Until recently, interferon was the only treatment for HCV infection. Typically only 15% to 20% of patients treated with interferon are rid of the virus; most eventually relapse (13). Also, many patients cannot tolerate this drug because of complications such as fever, headache, myalgia, fatigue, anorexia, depression, and suicidal ideation. On June 3, 1998, Rebetron was approved by the Food and Drug Administration for the treatment of HCV infection. Rebetron is a treatment that comprises interferon injection and ribavirin capsules. The treatment cost is about $15,000 a year per patient. Studies have shown that Rebetron therapy results in a significant increase in the number of patients (up to 40%) showing a sustained loss of detectable HCV compared with patients receiving standard interferon monotherapy (14). A significant improvement was also noted in histologic response. However, since ribavirin is a known teratogenic agent, patients and their partners are advised to use 2 forms of contraception during and for several weeks after treatment. Even the most enthusiastic “treaters” concede that more effective, safer, and less discomforting therapies are sorely needed.

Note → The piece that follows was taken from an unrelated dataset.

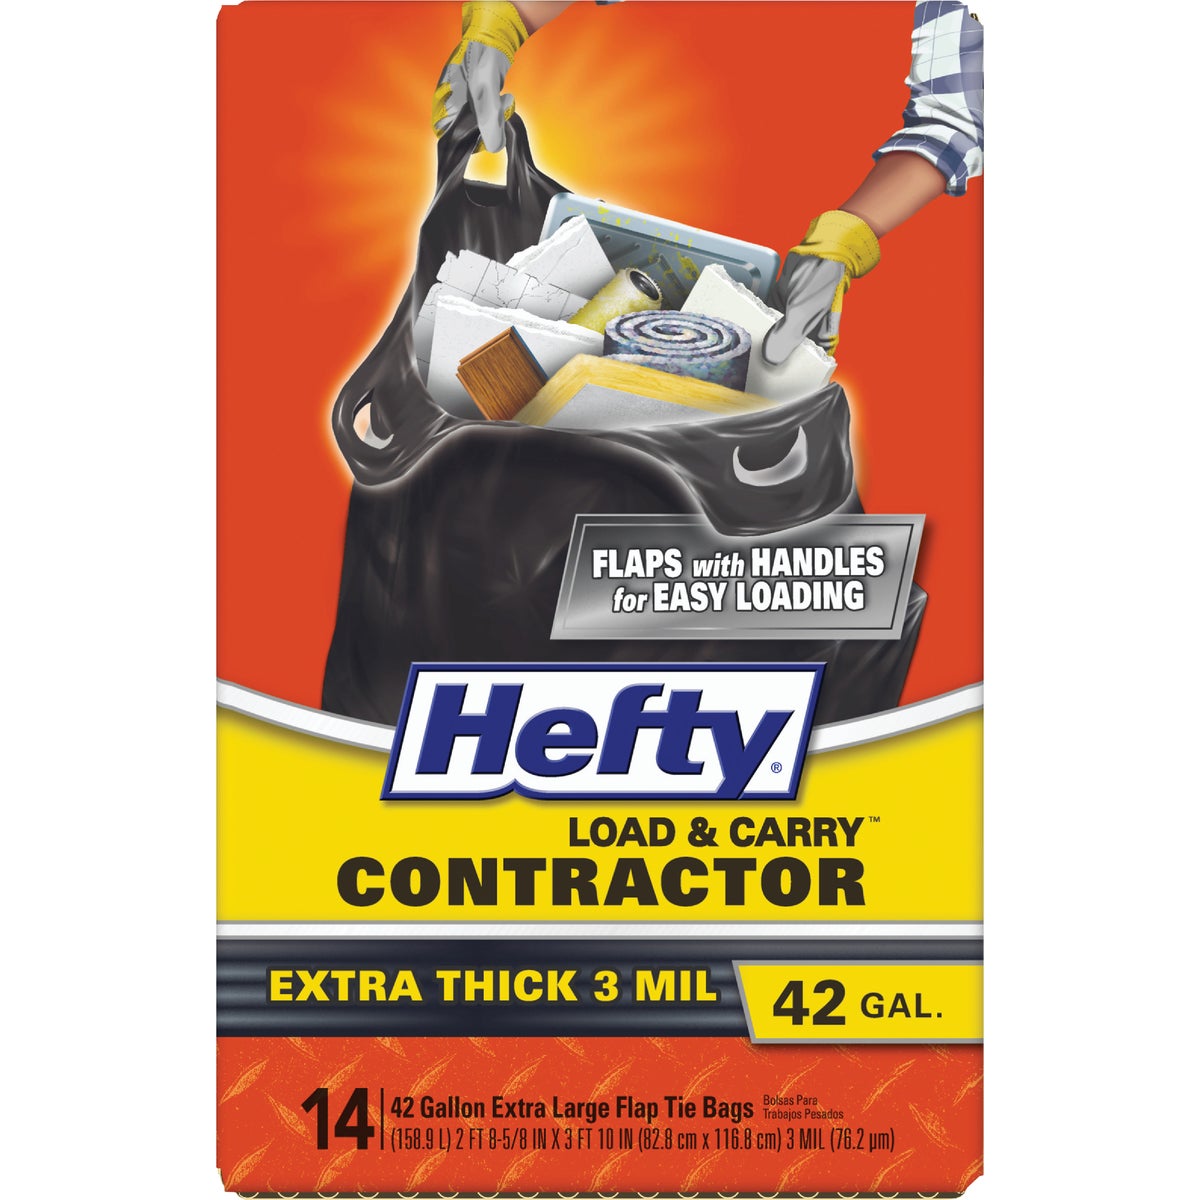 Hefty 42 Gal. Load & Carry Contractor Bags (14 Count)

FUTURE PROSPECTS FOR HCV MANAGEMENT

Efforts are on the way to develop and commercialize ribozymes for the treatment of HCV infection. Ribozymes are based on a novel, Nobel Prize–winning technology and have the unique ability to act as molecular scissors. According to a conversation with W. C. Maddrey (April 1999), a lead therapeutic candidate called Heptazyme has been developed that specifically targets the conserved region of the HCV RNA and is currently undergoing trials.

In Belgium, a new vaccine for hepatitis C appears to be effective in HCV-infected chimpanzees. Researchers, however, face several challenges in developing a human HCV vaccine. The first challenge is the genetic variation of the virus. HCV includes 11 genotypes and more than 85 subtypes. Subtype 1b is the usual disease-causing agent in the USA and the one most commonly targeted. Also, there is considerable variation within a subtype, so that the virus presents a constantly moving target. However, a subunit vaccine composed of recombinant conserved HCV proteins may prevent infection or chronic infection by different HCV genotypes (15).